Se hizo un pesado silencio entre los escribidores.

— Pero Colorina — dijo el soldado — Yo no tengo experiencia en esas artes… y mi memoria flaquea con el paso de los años. No se si seré capaz de memorizar los diálogos como hacen los comediantes.

— No hay excusa que valga — contestó Colorina — teniendo un apuntador todo funciona.

— Me pido apuntador — se apresuró a decir Sir Francis.

— ¡Cachis! — dijo Don Juan — se me ha adelantado vuecencia, Sir Francis.

— Lady Yerbabuena — dijo Colorina — Estáis muy callada, ¿No tenéis cosa alguna que aportar? — añadió solícita la hechicera.

— No, yo puedo cantar, bailar, recitar sevillanas sobre objetos de escritorio e interpretar cualquier cosa que no implique dar volteretas por los aires… y mis perros están amaestrados y pueden aportar lo suyo en el mundo escénico.

— Entonces — dijo el soldado — ¿La intención es distraer aldeanos?

— No sólo distraer. Tenemos que darles ilusión y esperanza… ganas de vivir en este pesado y opresor mundo que se cierne sobre ellos. Conjurar, en fin, sus temores.

— Pero Colorina, ¿Quién va a escribir la obra de teatro? — Apuntó Don Juan.

— Nosotros, por supuesto — dijo Colorina — no en vano somos un sindicato de escribidores.

Los escribidores se miraron en silencio.

— Bueno — dijo el soldado —, entonces… ¿esos son los deberes para el próximo martes?.

— ¿Una obra de teatro en una semana? — dijo asombrada Lady Hierbabuena — no digáis barbaridades que es muy temprano.

— Claro que no — añadió Colorina — una semana es poco tiempo, pero quizá podríamos ir preparando la idea general. Un relato de amor y aventura que hechice a los aldeanos.

Nuevamente se hizo el silencio

— Podría llamarse “El sueño de una noche en el pantano” — apuntó Colorina.

— Mal empezamos — dijo Sir Francis — ¿Podemos meter piratas?

— Y magos malvados, y princesas, y bellas hechiceras, y apuestos caballeros…

— No te entusiasmes Colorina, que de eso no tenemos — apunto Sir Francis.

— Nada hay que no resuelva un poco de maquillaje y buen attrezzo, Sir Francis.
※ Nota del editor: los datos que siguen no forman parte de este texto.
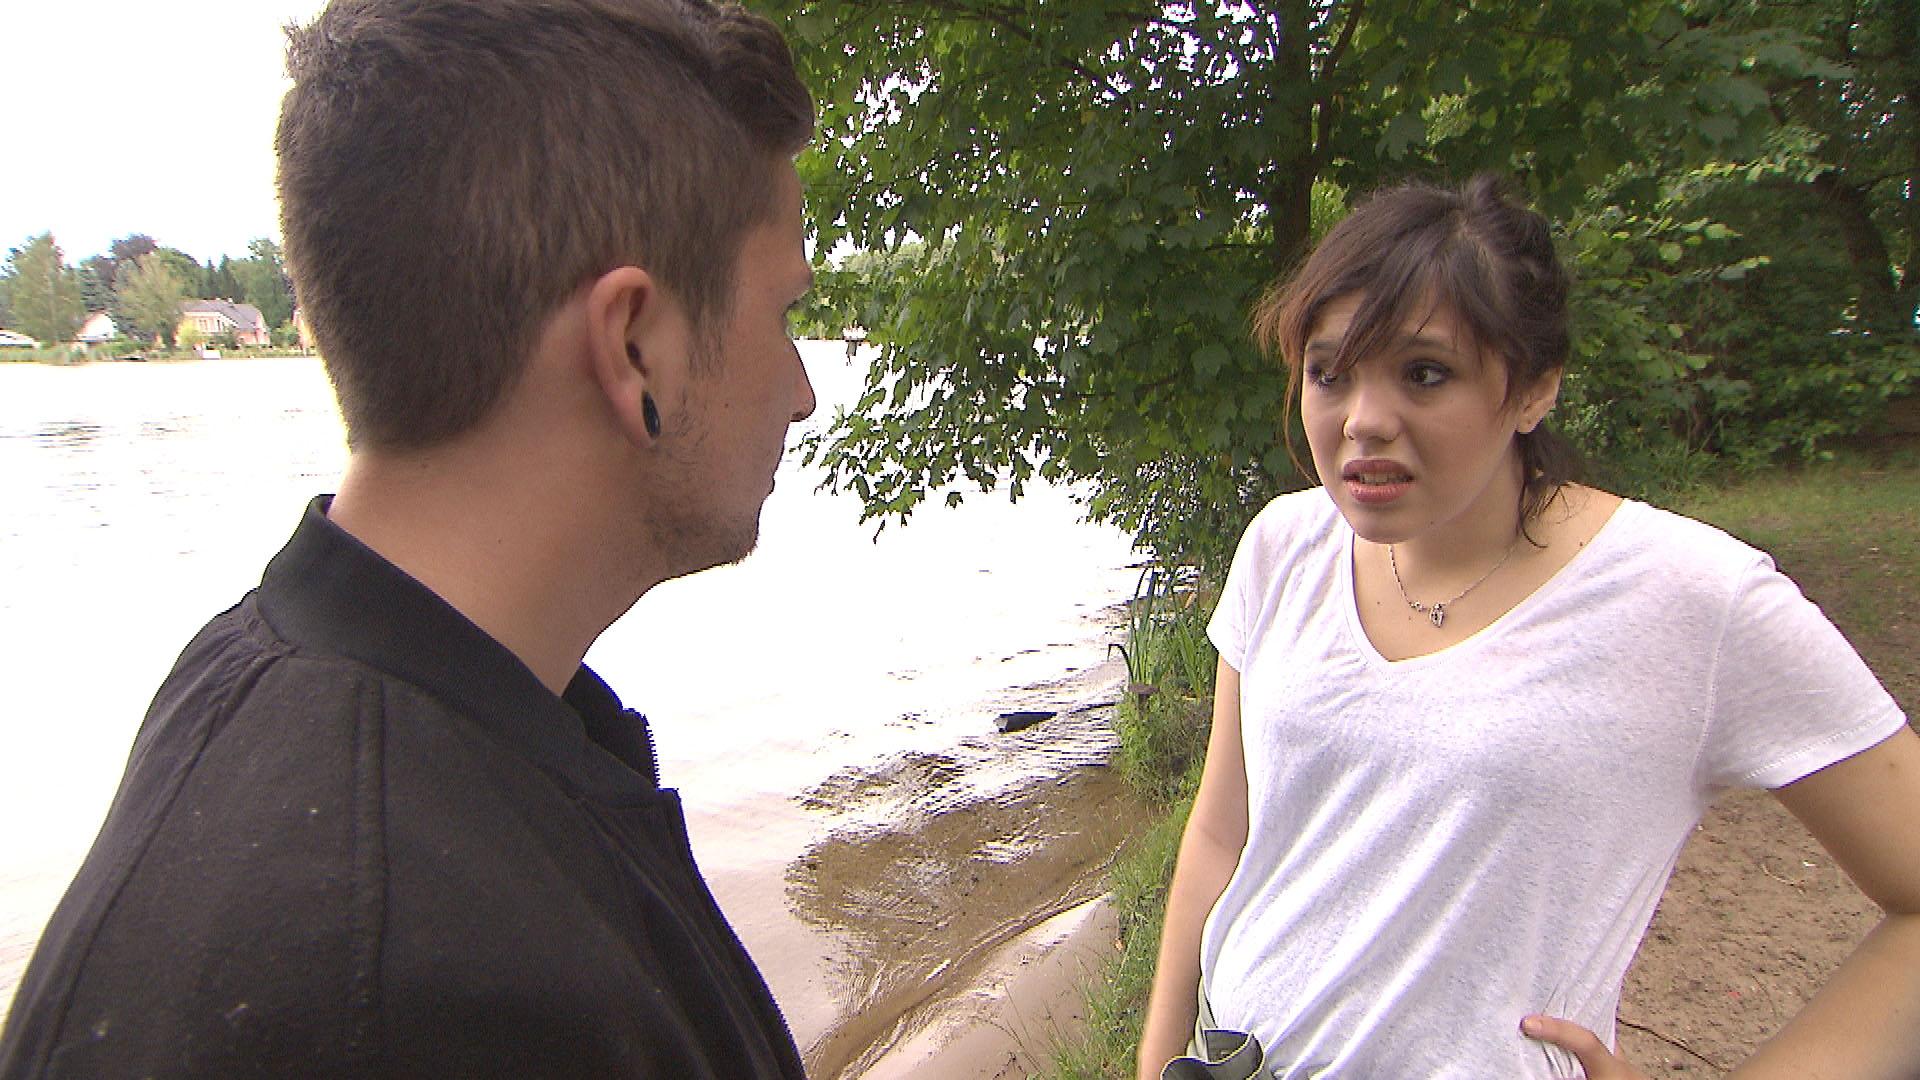 Aylin,re. lässt sich von von ihrem Freund zu einem Tag mit der Clique am See überreden. Doch zu Aylins Entsetzen taucht dort auch Jannes,li. auf. (Quelle: RTL 2)

— Me parece que hoy me voy a dejar la paga en cerveza — dijo el soldado — a ver si a luz de mis delirios se me ocurre alguna cosa que no aburra a la concurrencia.

— Es para el martes que viene, no estresarse por adelantado — dijo Colorina.

Pero era inútil, ya estaban todos estresados.

— Podríamos consultar al hada de la rosaleda, la sabia Rosana, que con tanto tino nos ha sacado siempre de nuestros bloqueos argumentales — apuntó Don Juan.

— ¿Eso no sería hacer trampas? — dijo Lady Hierbabuena.

— A grandes males, grandes remedios — dijo Sir Francis.

— ¿Es de alguien esta dentadura? — dijo el soldado — estaba en el suelo.

Y así, de esta sencilla manera, el sindicato decidió iniciar la peregrinación a la lejana rosaleda de las hadas. Y como Lady Yerbabuena dijo que llevaría un cesto con viandas para el camino, se constituyó oficialmente “La comunidad del cestillo”.

Y no, la dentadura no era de ninguno.

Durante el proceloso viaje se unieron Doña Vir de las arenas marinas y Doña Trudis de los abrazos calentitos… pero eso es otra historia y alguien tendrá que seguir con ella el martes que viene.